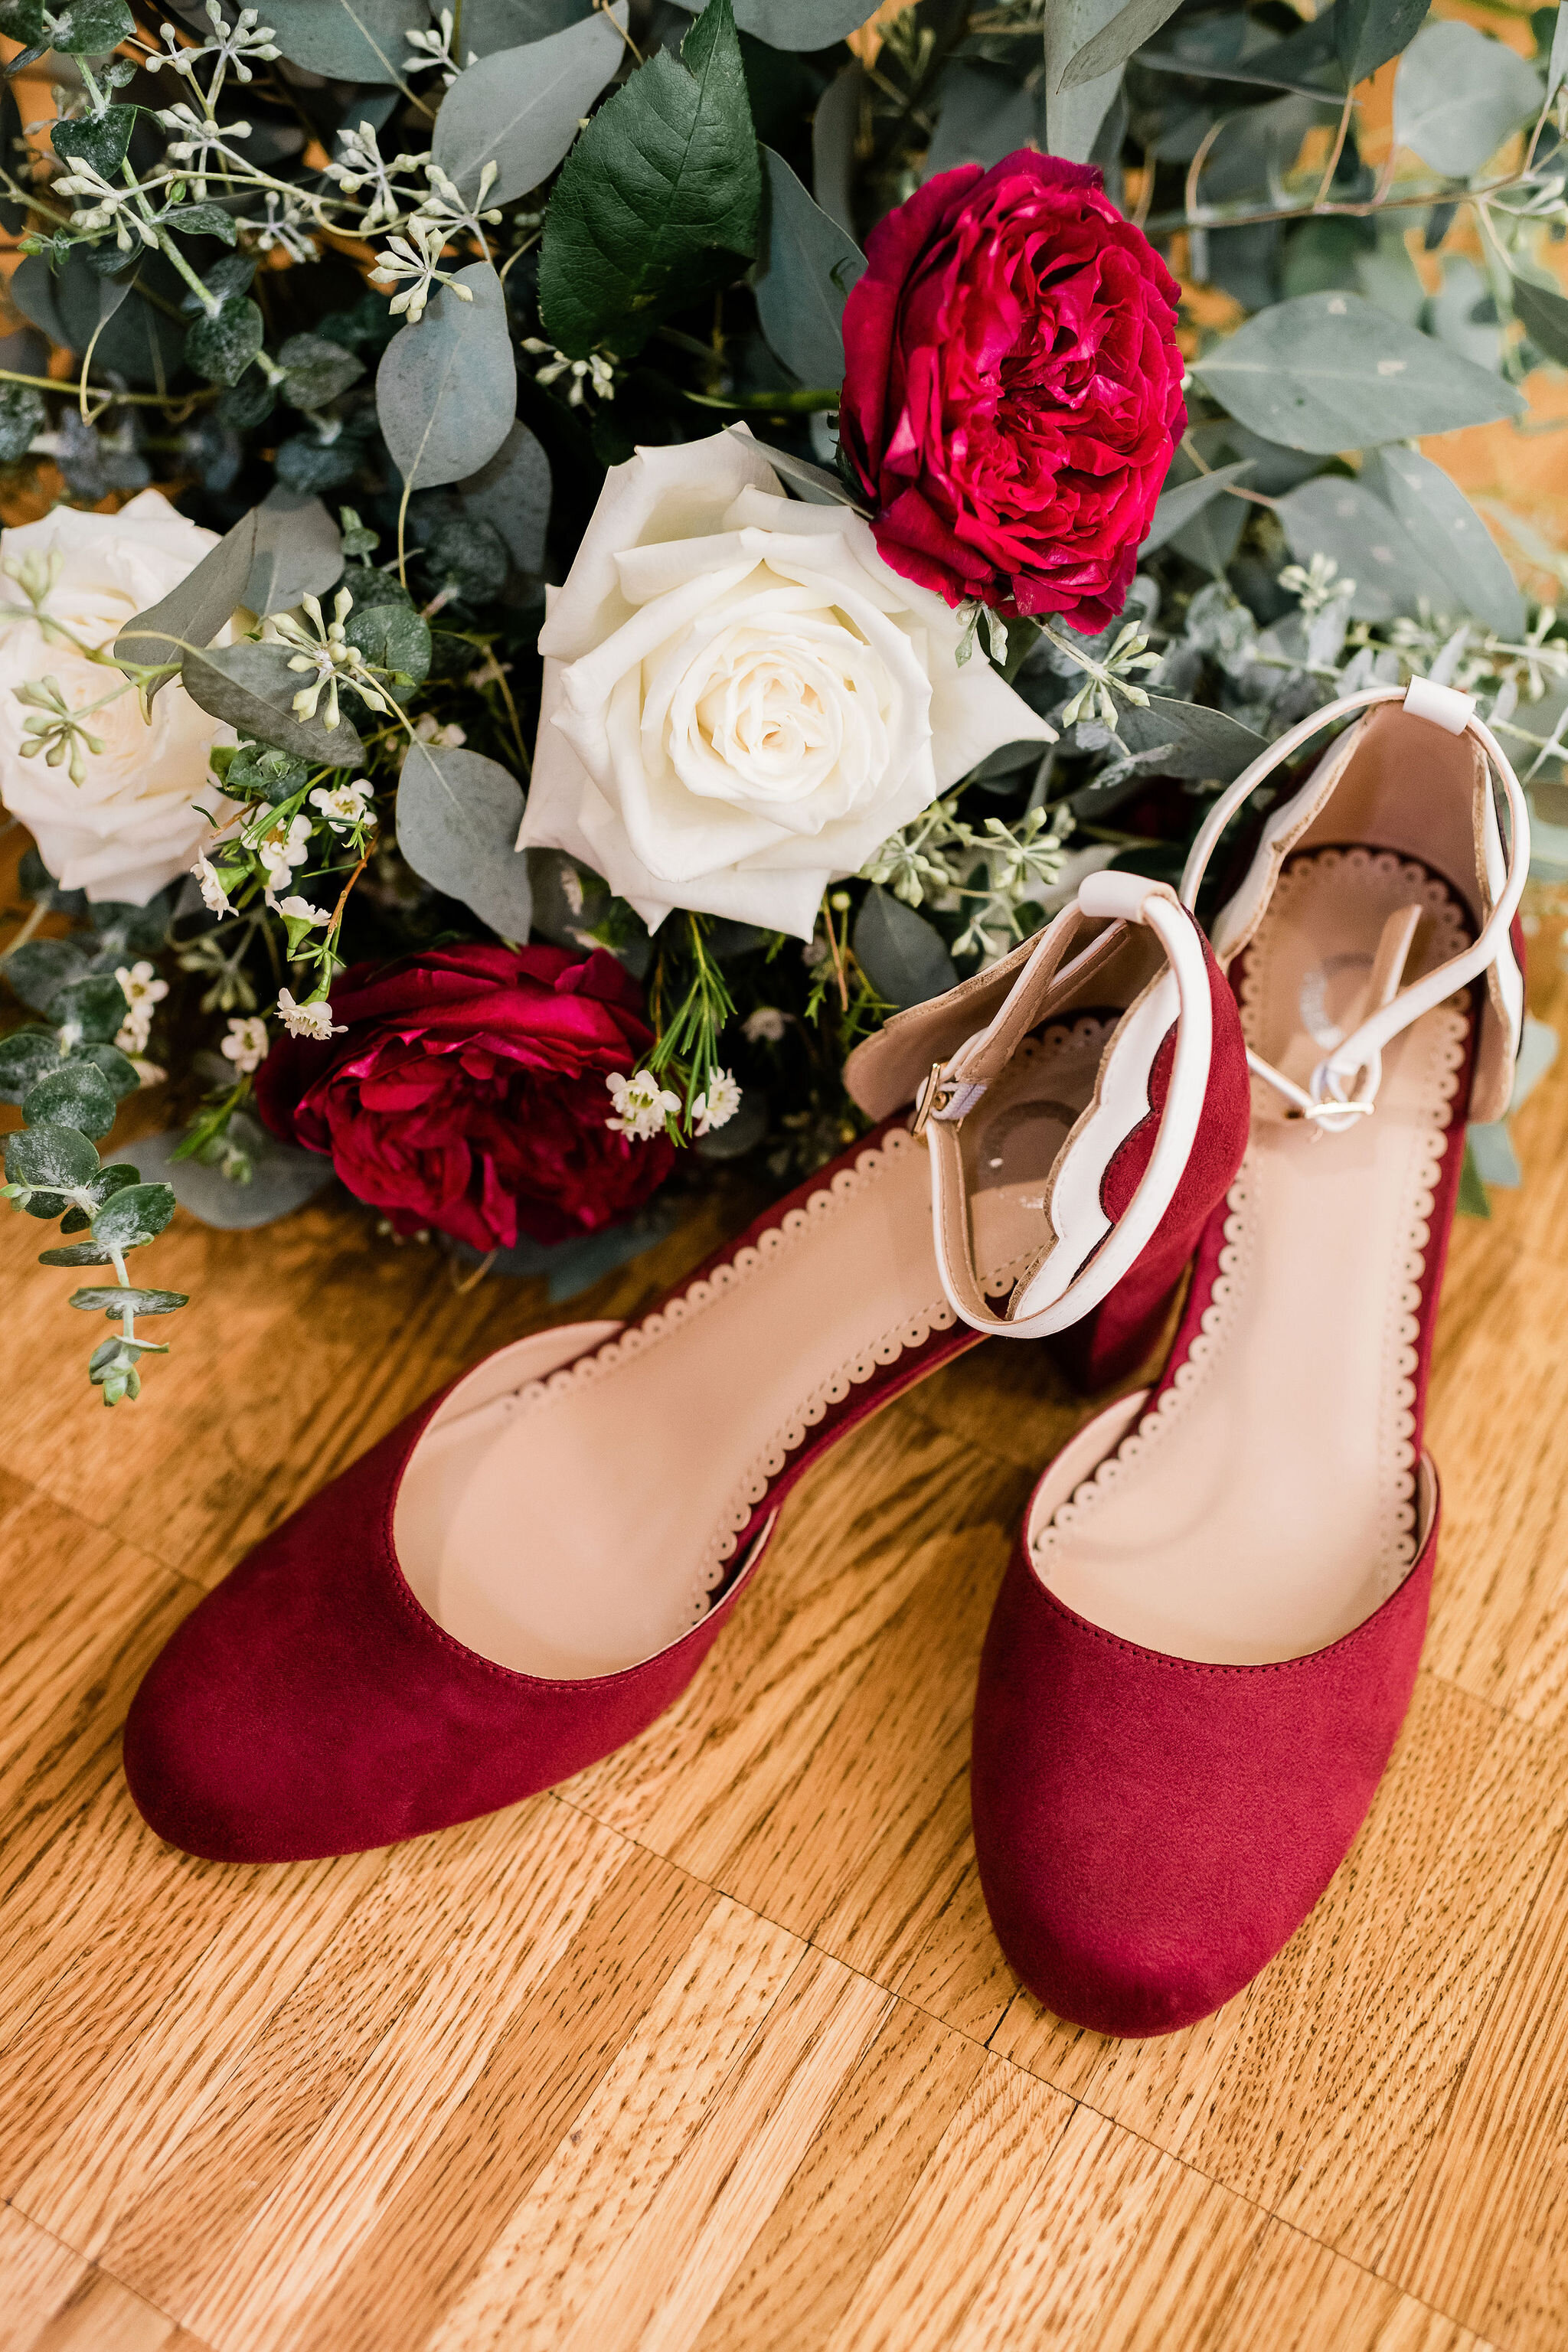 Bride's shoes and bouquet
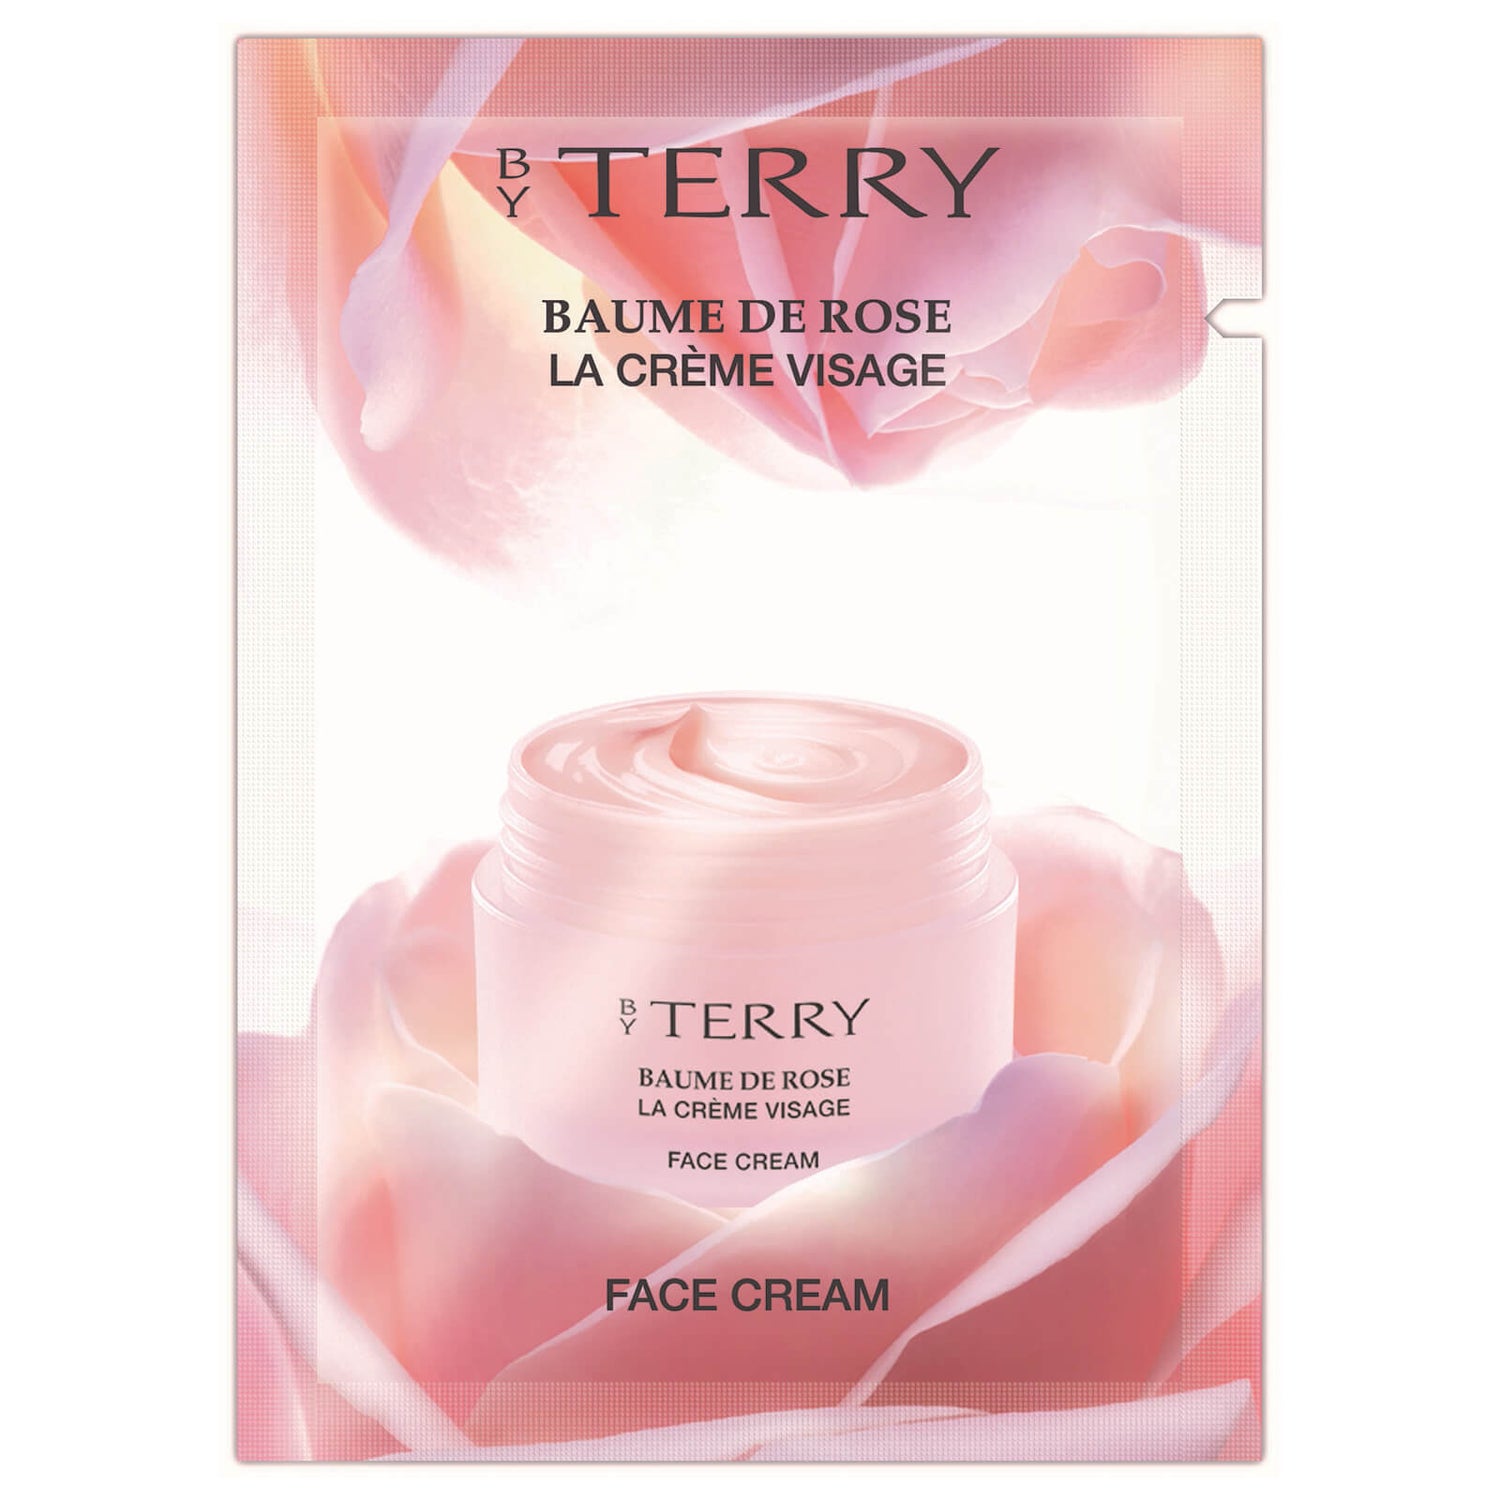 By Terry Baume De Rose La Crème Visage Face Cream Packette
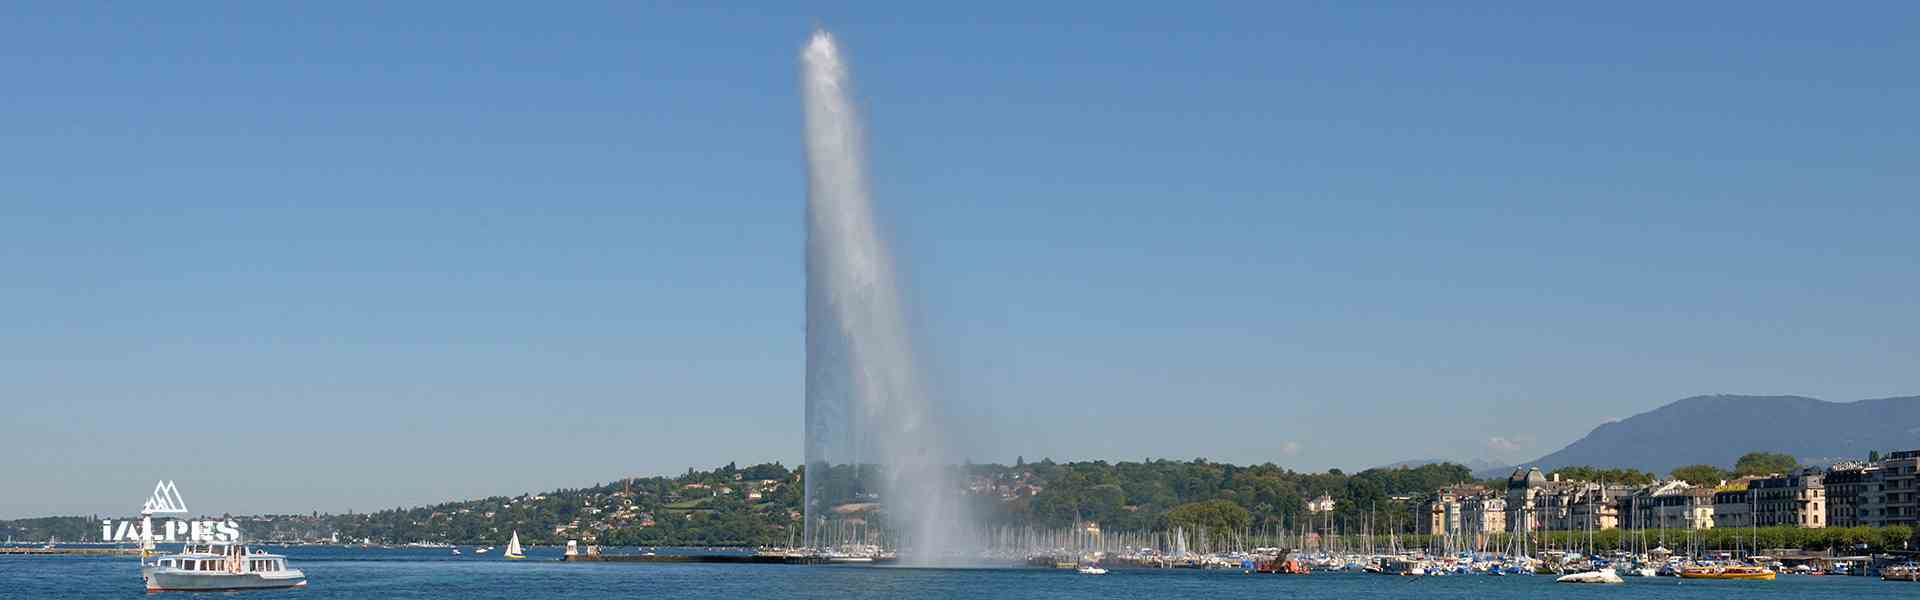 >Jet d'eau à Genève, Suisse
━━━━━━━━━━━━━━━━━━━━━━━━━━━━━━
Task objective :: Copy verbatim the span that opens at the line with "By Terry Baume" and closes at the final line of the listing. Do not carry over any pictures.

Result of this exercise ::
 By Terry Baume De Rose La Crème Visage Face Cream Packette
 >Jet d'eau à Genève, Suisse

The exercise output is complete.